Computer programming as an exact science • Deductive reasoning
Outline • Computer Arithmetic • Program Execution • General Reservations • Proofs of Program Correctness • Formal Language Definition
Computer Arithmetic • The foundation upon which valid reasoning about a program can be developed. • Uses a set of axioms • Examples: x + y = y + x; x + 0 = x; x * y = y * x • These axioms are true for both the infinite set of integers in mathematics and the finite set of integers in computer programming • They work independent of the size of the set
Program Execution • One of the most important properties of a program is if it carries out its intended function. • The intended function can be specified by making assertions about the values of relevant variables after the program is finished. • P{Q}R
Program Execution – Axioms + Rules • Axiom of Assignment • x := f • Rule of Consequence • If P{Q}R and R implies S, then P{Q}S • Rule of Composition • If P{Q1}R1 and R1 {Q2}R, then P{Q1 ; Q2}R • Rule of Iteration
General Reservations • Drawbacks to the axiomatic based approach • The axioms assume the absence of side effects • They do not prove that a program terminates • Areas that present difficulty are labels, jumps, and pointers
Proofs of Program Correctness • The most important property of a program is whether it accomplishes the intentions of its user. • When the correctness of a program, its compiler, and the hardware have been established, one can place great reliance on the results of the program.
Proofs of Program Correctness • Time spent on the current method of verifying correctness of a program is often more than half the time spent on the entire project • The cost of removing errors during this phase is close to two thirds the cost of the project • Removing errors discovered after a program is distributed often costs much more
Proofs of Program Correctness • The practice of proving programs can alleviate other problems in the computing world • Reliability • Documentation • Compatibility • At present, however, program proving is a difficult endeavor, even for skilled programmers.

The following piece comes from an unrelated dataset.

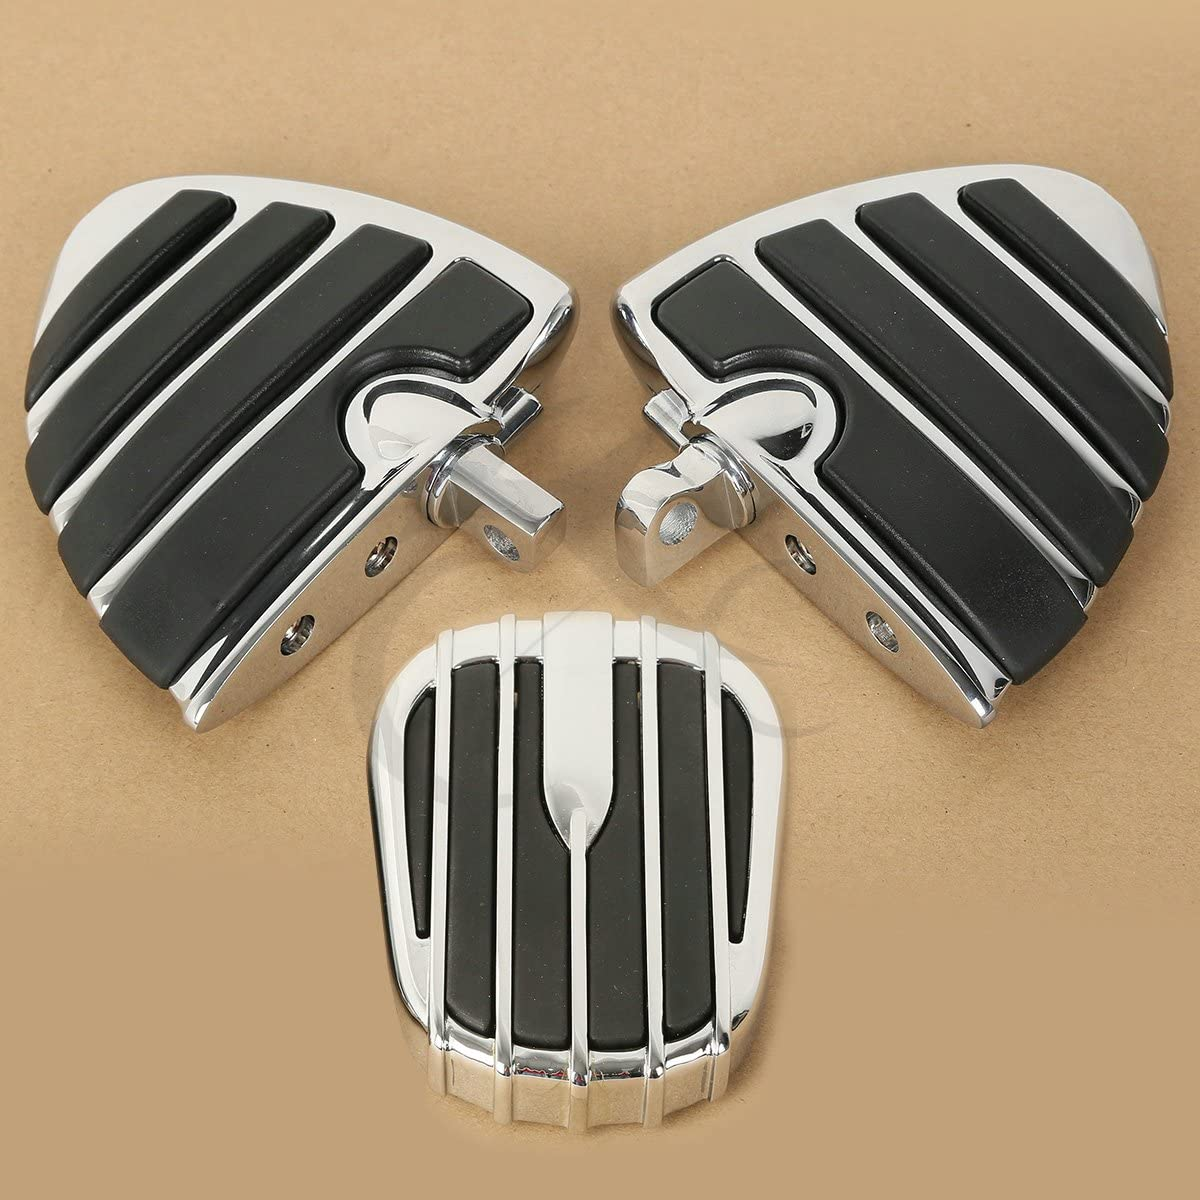 TengChang Motorrad Bremspedal Abdeckung Pad FootPeg Fu/ßst/ützen f/ür Harley Softail Ultra Limited Touring

Formal Language Definition • High level programming languages are usually intended to be implemented on a variety of computers • The problem is defining those languages well enough to ensure compatibility across all computers.
Formal Language Definition • One way to achieve compatibility of a language would be to insist that all implementations of said language satisfy the axioms and rules of inference underlying the properties of programs created with the language.
Formal Language Definition • An advantage to an axiomatic approach is that axioms offer a simple and flexible technique for leaving certain aspects of a language undefined • Range of integers • Accuracy of floating point • Choice of overflow technique • This flexibility for uncertainty is necessary for the language to be able to be implemented on differing hardware designs
Formal Language Definition • An objective of formal language definition is to assist in the design of better programming languages. • The use of axioms can lead to an advantage in that area • A language that can be described by a few “self-evident” axioms is preferable to a language with many obscure axioms
Formal Language Definition • Axioms allow the designer to express his or her intentions, without the mass of detail that comes with algorithmic descriptions.